2. Note: Cabiria è stata una fucina di creatività per il cinema italiano e non solo. Dall’ uso del carrello per passare dai campi lunghi ai primi piani a quello delle lampade elettriche per ottenere migliori effetti di chiaroscuro, dalla organizzazione delle riprese alla scelta di scenografie non più dipinte ma ricostruite. Sembra che D.W. Griffith ne abbia tratto più di uno spunto per il suo Nascita di una nazione. Molte le sequenze da ricordare. Il sacrificio a Moloch, Annibale sulle Alpi (anche se senza elefanti) Archimede a Siracusa che incendia le navi romane. Il monumentale ingresso nel Tempio, Maciste che gioca con la piccola Cabiria e, in particolare, la processione dei cammelli sull’ orizzonte citata anche da Bergman nel Settimo Sigillo.
3. Note: Bartolomeo Pagano.
Scelto dal regista tra i camalli del porto di Genova, il personaggio di Maciste può essere considerato il primo mito del nostro cinema. Divenuto popolarissimo, Pagano ispirò una lunga serie di film.
4. Note: L’ aviatore Giovanni Vidner, sorvolò a quattro riprese la città
per annunciare l’ anteprima, che avvenne a Torino il 18 aprile 1914, Cabiria sarà proiettato nella sale di tutto il mondo. Rimane per un anno in prima visione a New York e per sei mesi a Parigi. Viene presentato anche alla Casa Bianca ( presidente W.H. Taft).
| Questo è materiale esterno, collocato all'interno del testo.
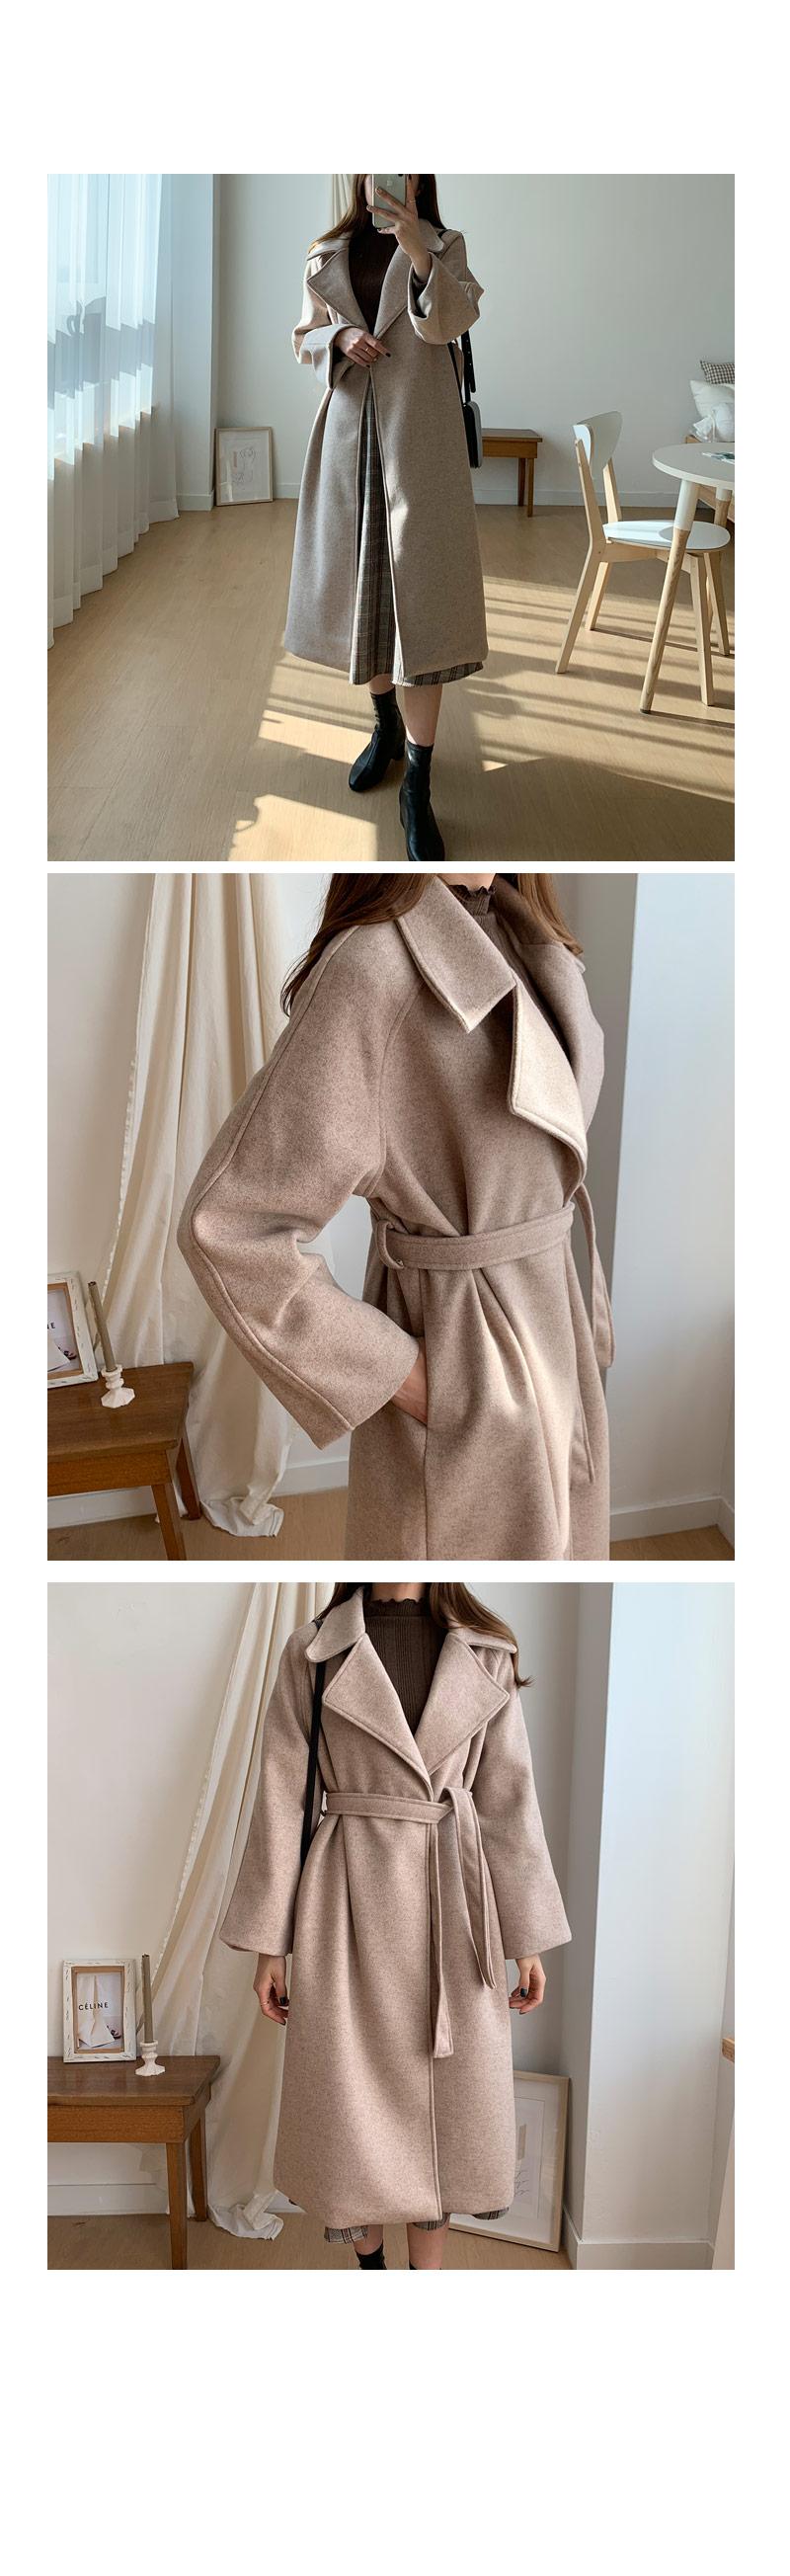 Palave strap boca wool coat
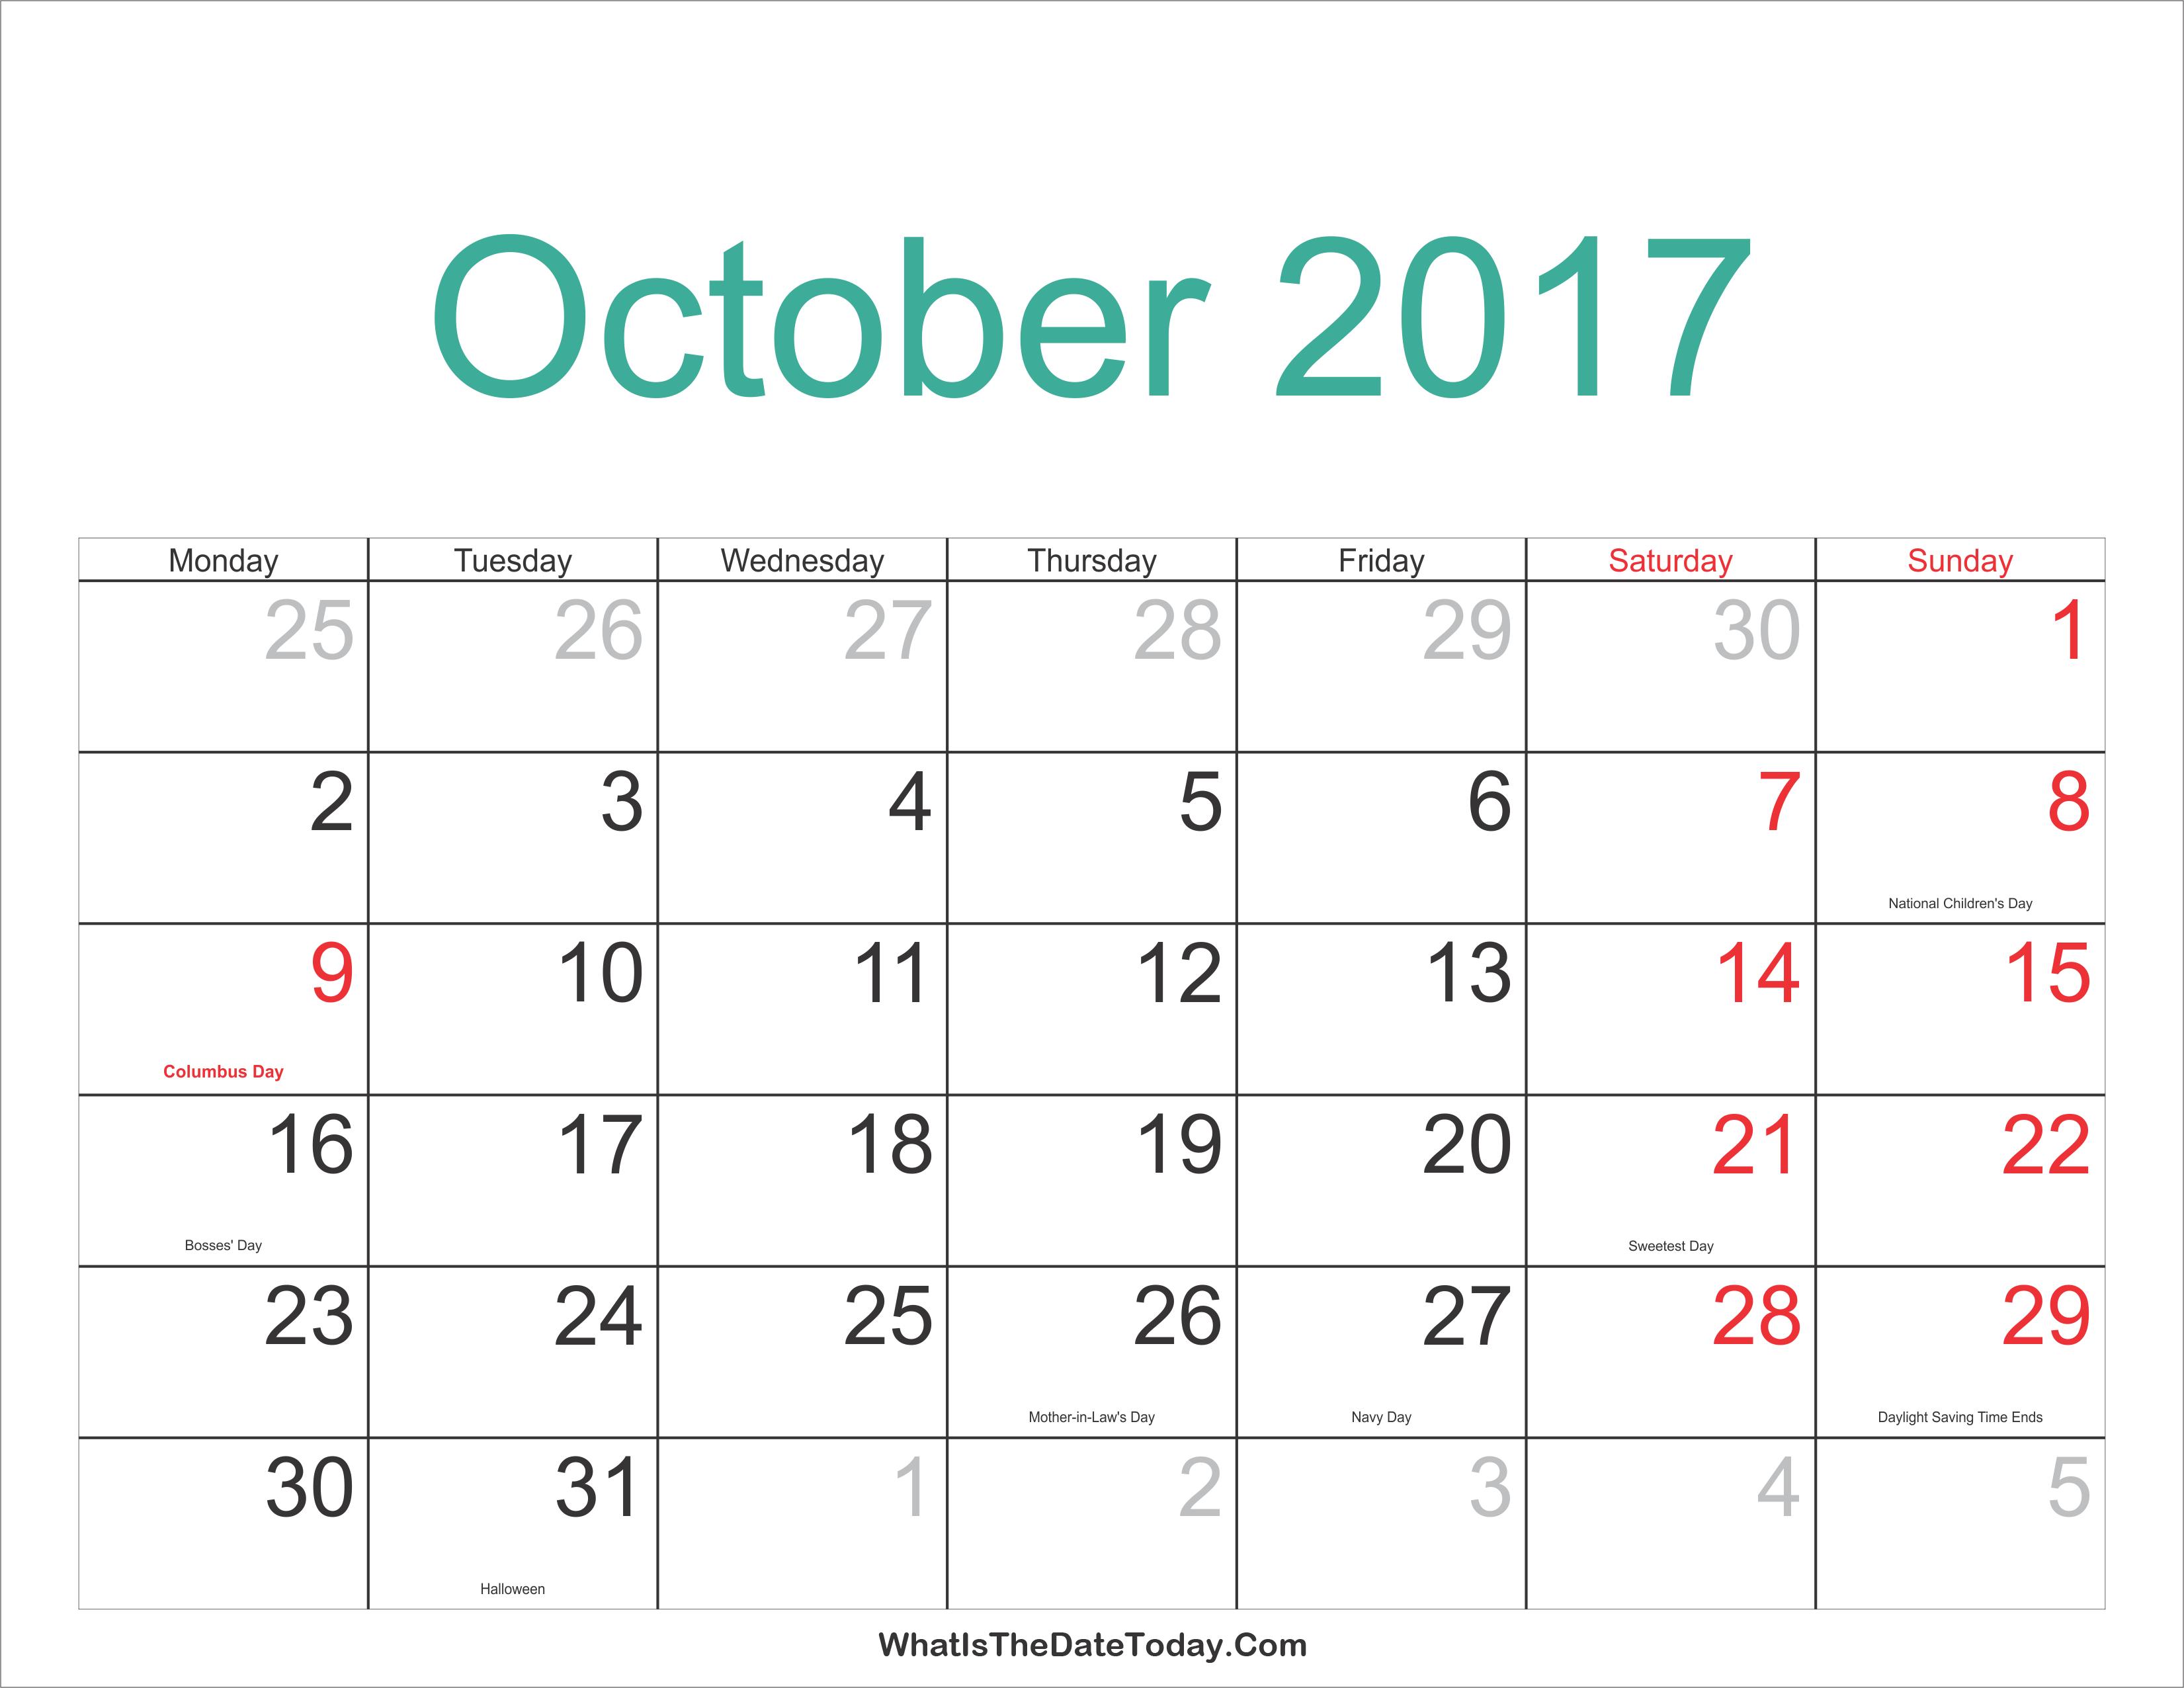 October 2017 Calendar Printable with Holidays | Whatisthedatetoday.Com

Molti attribuiscono il successo del film non solo per le innovazioni tecniche e creative ma soprattutto per il personaggio di Maciste.
La critica:
da Morando Morandini: Il secondo decennio del Novecento si apre, per il cinema italiano, all’insegna dei “colossi”. Il 1912 vede il successo di Quo vadis?, che Enrico Guazzoni ha tratto dall’omonimo romanzo di Henryk Sienkiewicz. Il 1914 è l’anno del trionfo di Cabiria, il “colosso” della torinese Itala Film che aveva tenuto occupate per dodici mesi schiere di tecnici, operai e comparse sulle Alpi occidentali, in Sicilia, in Tunisia e negli Studi della società: le due “prime” italiane (il 18 aprile a Torino e il 24 a Roma) spianano clamorosamente la via a una diffusione capillare e duratura in tutto il mondo. Del cinema muto italiano Cabiria costituisce, nel bene e nel male, l’emblema più riconoscibile. Ingegnosità tecnica (scenografie imponenti e accurate, uso sagace della illuminazione artificiale, movimenti della macchina da presa – panoramiche e carrelli – sfruttati per la prima volta in funzione espressiva, disposizione non coreografica ma realistica delle masse), magniloquenza della recitazione nello stile operistico, costruzione narrativa di ampio respiro, ideologia ispirata a un nevrotico nazionalismo da paese di fragile (e recente) formazione capitalistica.